Negli ammassi fibrillari è presente la proteina Tau, associata ai microtubuli, che nella AD
diventa iperfosforilata e perde la capacità di legarsi ai microtubuli, contribuendo alla
formazione degli ammassi neurofibrillari e alla AD. Il numero di tali ammassi fibrillari correla
meglio con il grado di demenza rispetto a quanto faccia il numero delle placche amiloidi.
Macroscopicamente: c’è un grado variabile di atrofia corticale (lobi frontali, parietali e
temporali). Presente ampliamento dei solchi e dilatazione ventricolare (idrocefalo ex vacuo)
per perdita di parenchima. Precoce interessamento e atrofia di ippocampo, amigdala,
sistema limbico.
Microscopicamente:
a) PLACCHE SENILI. Sono raccolte sferiche, focali, di processi neuronali dilatati, tortuosi,
argentofili (assoni distrofici) localizzati attorno ad un nucleo centrale di amiloide (rosso
Congo+). Il principale componente del nucleo amiloideo è l’Aβ. Alla periferia c’è astrocitosi
reattiva. Le placche si possono osservare nell’ippocampo, amigdala e neocorteccia.
b) PLACCHE DIFFUSE. C’è sempre deposizione di Aβ, senza però reazione neuritica attorno
all’amiloide. Forse sono uno stadio precoce delle placche. Hanno Aβ42, mentre le placche
senili sia 40 che 42.
c) AMMASSI NEUROFIBRILLARI. Fasci di filamenti nel citoplasma dei neuroni. Hanno forma
“a fiamma” nelle cellule piramidali, “forma globosa” nelle cellule rotonde poiché si
dispongono attorno al nucleo. Sono strutture fibrillari, basofile e argentofile, presenti
soprattutto nei neuroni corticali, ippocampo, amigdala, gangli della base. Sono insolubili e
resistenti alla proteolisi, per cui formano “ammassi fantasma” in vitro dopo la morte
neuronale. Sono formati da filamenti lineari e da filamenti a doppia elica. Questi formati
dalla proteina Tau iperfosforilata. Non sono patognomonici della AD. I filamenti a doppia
elica si trovano negli assoni distrofici più esterni alla placca e negli assoni che attraversano la
sostanza grigia colpita sotto forma di filamenti del neuropilo.
d) ANGIOPATIA AMILOIDE CEREBRALE. Caratteristica costante.
e) DEGENERAZIONE GRANULO-VACUOLARE. Formazione di vacuoli intracitoplasmatici
neuronali contenenti un granulo argentofilo. Si verifica nell’invecchiamento ma anche nella
AD.
f) CORPI DI HIRANO. Corpi eosinofili, allungati, vitrei, che formano filamenti con actina. Si
trovano di solito nelle cellule piramidali dell’ippocampo.
MALATTIA DI PARKINSON
Fa parte dei “Parkinsonismi”, termine col quale si indica una sindrome clinica caratterizzata
da facies inespressiva, posizione fissa del corpo, lentezza dei movimenti volontari, andatura
festinante (passi ridotti e accelerati), rigidità e tremore delle mani a riposo “a contar
moneta”. Sono disturbi che vedono come comune denominatore l’alterazione del sistema
dopaminergico nigro-striatale.
Oltre che nella malattia di Parkinson, questi disturbi si riscontrano anche nella atrofia
sistemica multipla e nel parkinsonismo iatrogeno.
La diagnosi di Parkinson è posta in pazienti con progressivi segni di parkinsonismo (tremore,
rigidità, bradicinesia) senza altra causa conosciuta e responsivi alla L-DOPA.
Macroscopicamente: pallore della sostanza nigra e del locus ceruleus.

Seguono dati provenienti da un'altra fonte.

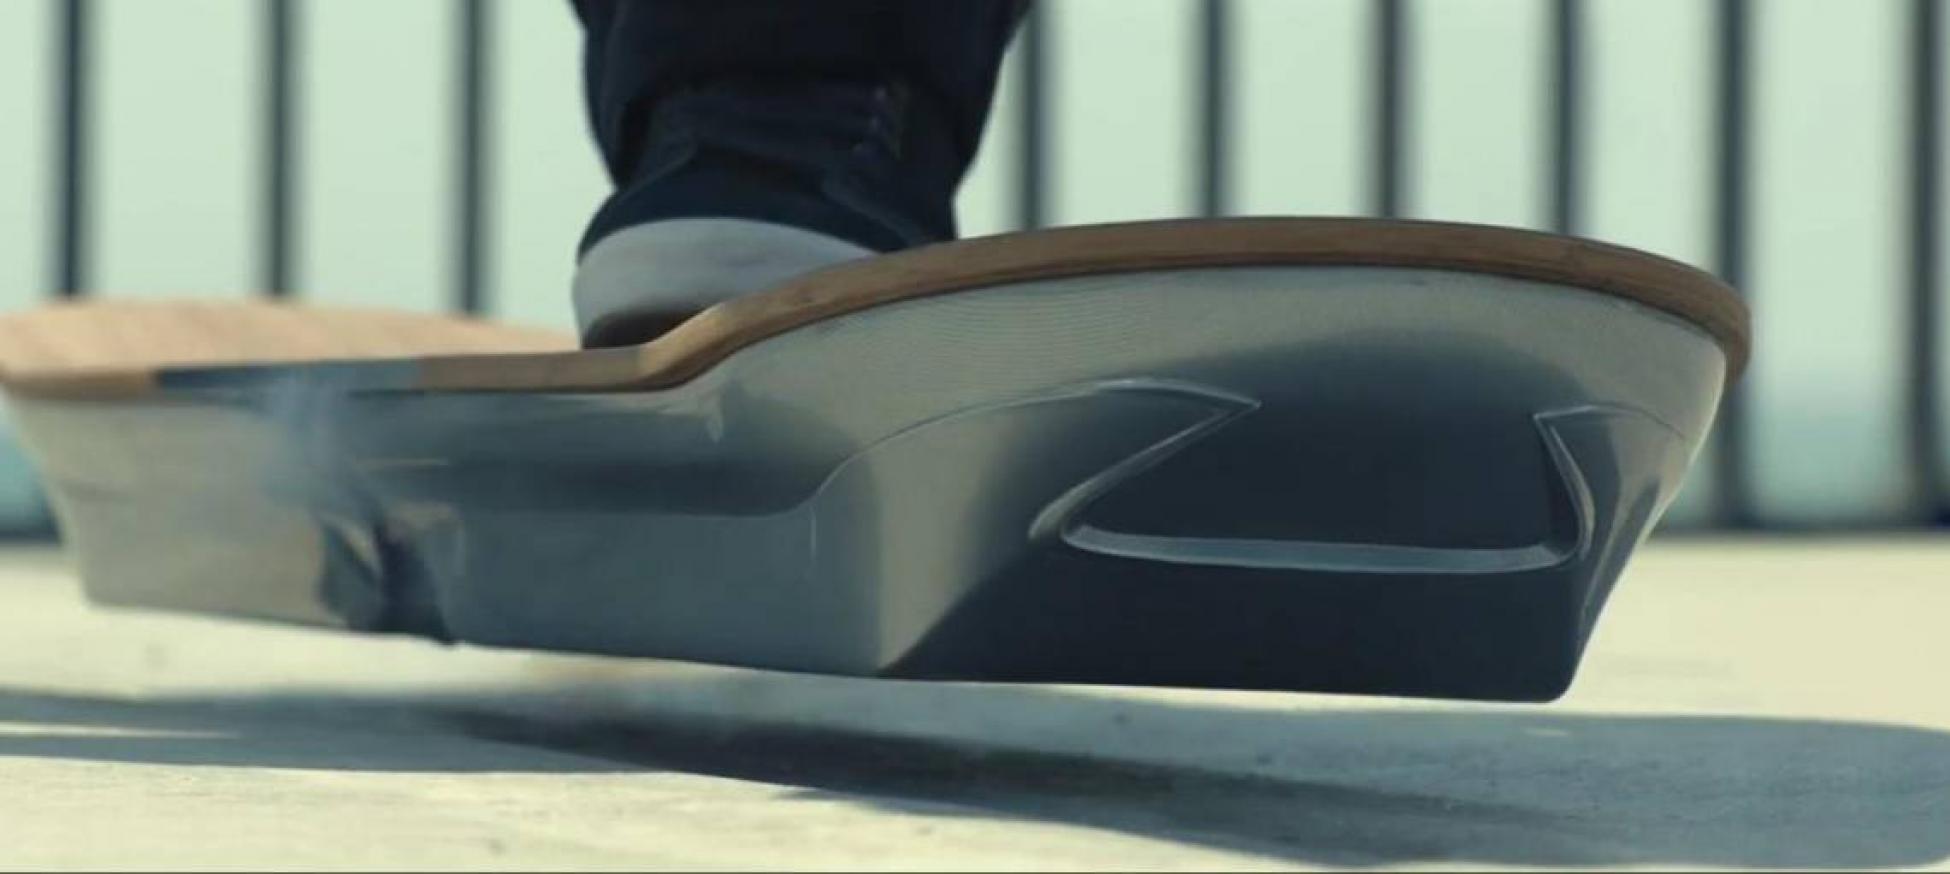 Lexus donne vie à l'Hoverboard, le skate de Retour vers le Futur !

Microscopicamente: il pallore è spiegato dalla perdita di neuroni pigmentati
catecolaminergici in queste regioni, associata a gliosi. In alcuni neuroni residui ci possono
essere i corpi di Lewy: sono inclusioni citoplasmatiche eosinofile, tonde o allungate, con
nucleo centrale denso circondato da alone chiaro, e composti da sottili filamenti formati da
α-sinucleina.
I geni più frequentemente associati al Parkinson sono:
- L’α-sinucleina, proteina associata alle sinapsi e componente dei corpi di Lewy, soggetta a
ripiegamento anomale.
- LRRK2, chinasi che è soggetta ad acquisizione di funzione.

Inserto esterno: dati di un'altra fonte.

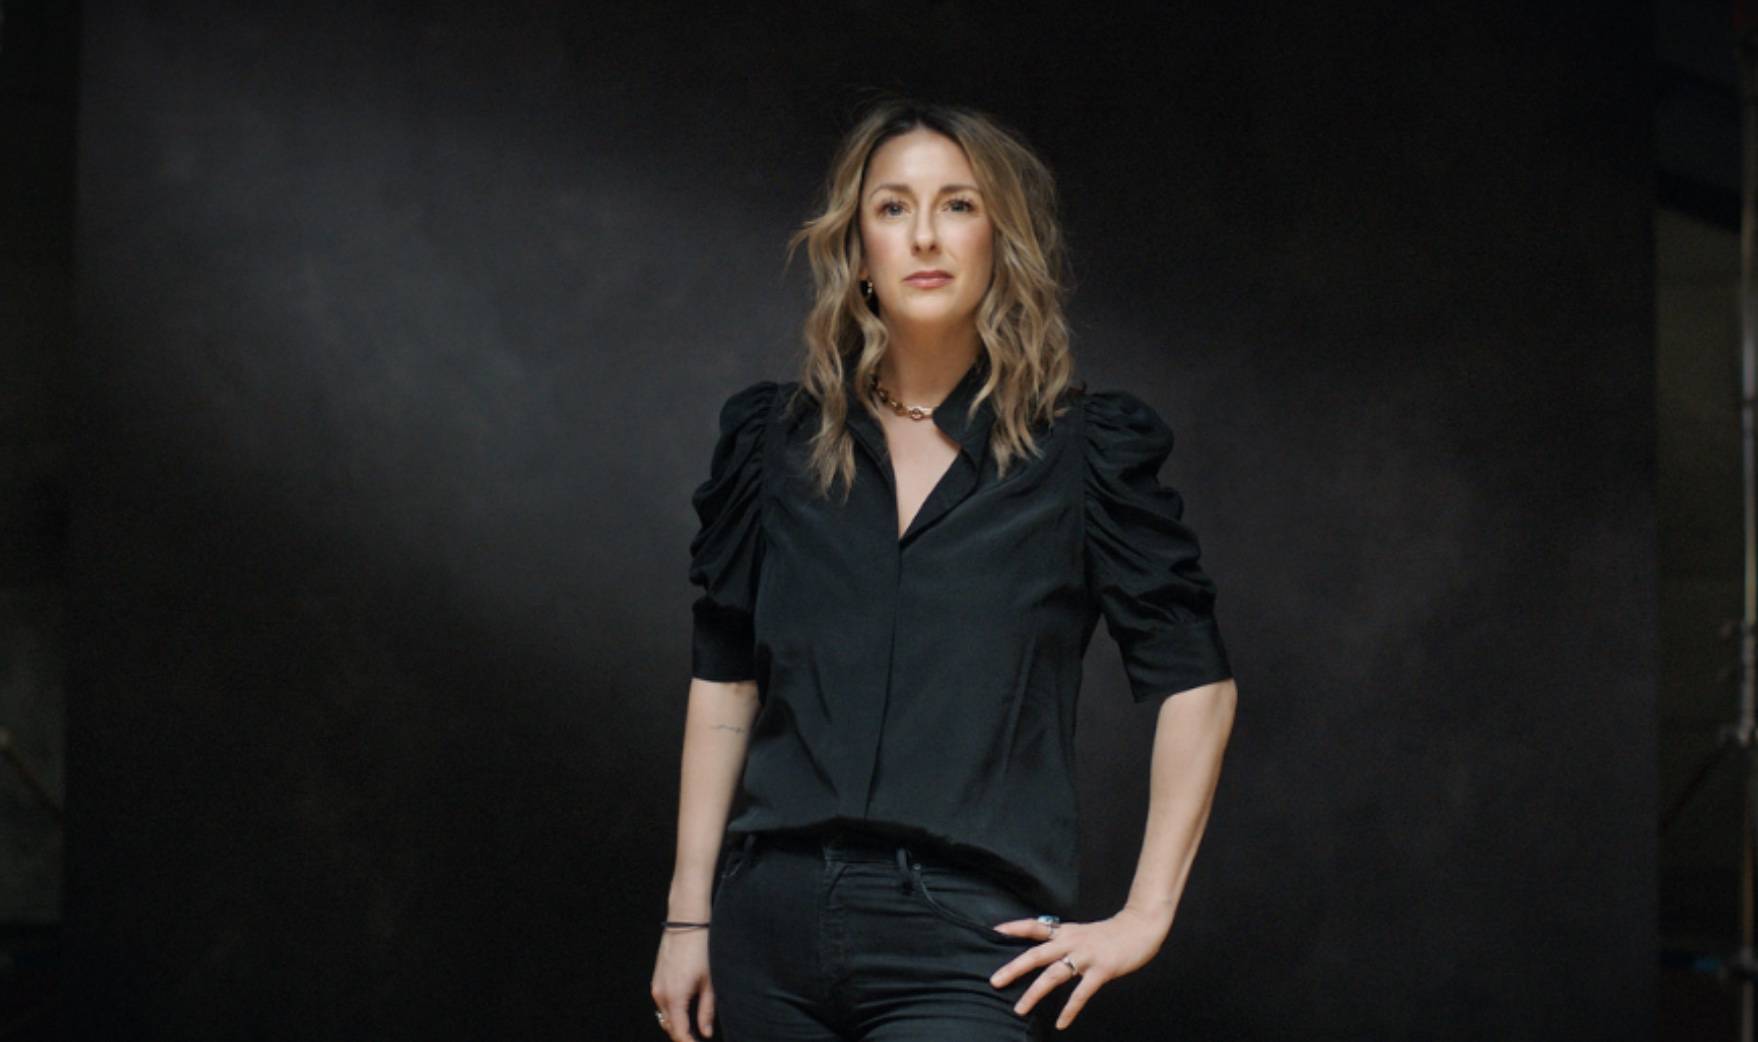 Headshot of Jen Costello wearing all black against a black backdrop

- Parkina, con perdita di funzione e funzione proteasomica deficitaria.
- DJ-1, coinvolta nella risposta ossidoriduttiva allo stress, dà disfunzione mitocondriale.
- PINK1, chinasi che regola la funzione mitocondriale.

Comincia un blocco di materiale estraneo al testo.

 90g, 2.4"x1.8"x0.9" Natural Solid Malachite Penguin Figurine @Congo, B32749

I neuroni dopaminergici della sostanza nigra proiettano allo striato e la loro degenerazione è
correlata al contenuto di dopamina striatale. La gravità della sindrome è proporzionale al
deficit di dopamina, corretto in parte con la L-DOPA, ma il trattamento non arresta la
progressione di malattia. Clinica
Segni di parkinsonismo, disfunzione autonomica, declino delle funzioni cognitive, demenza.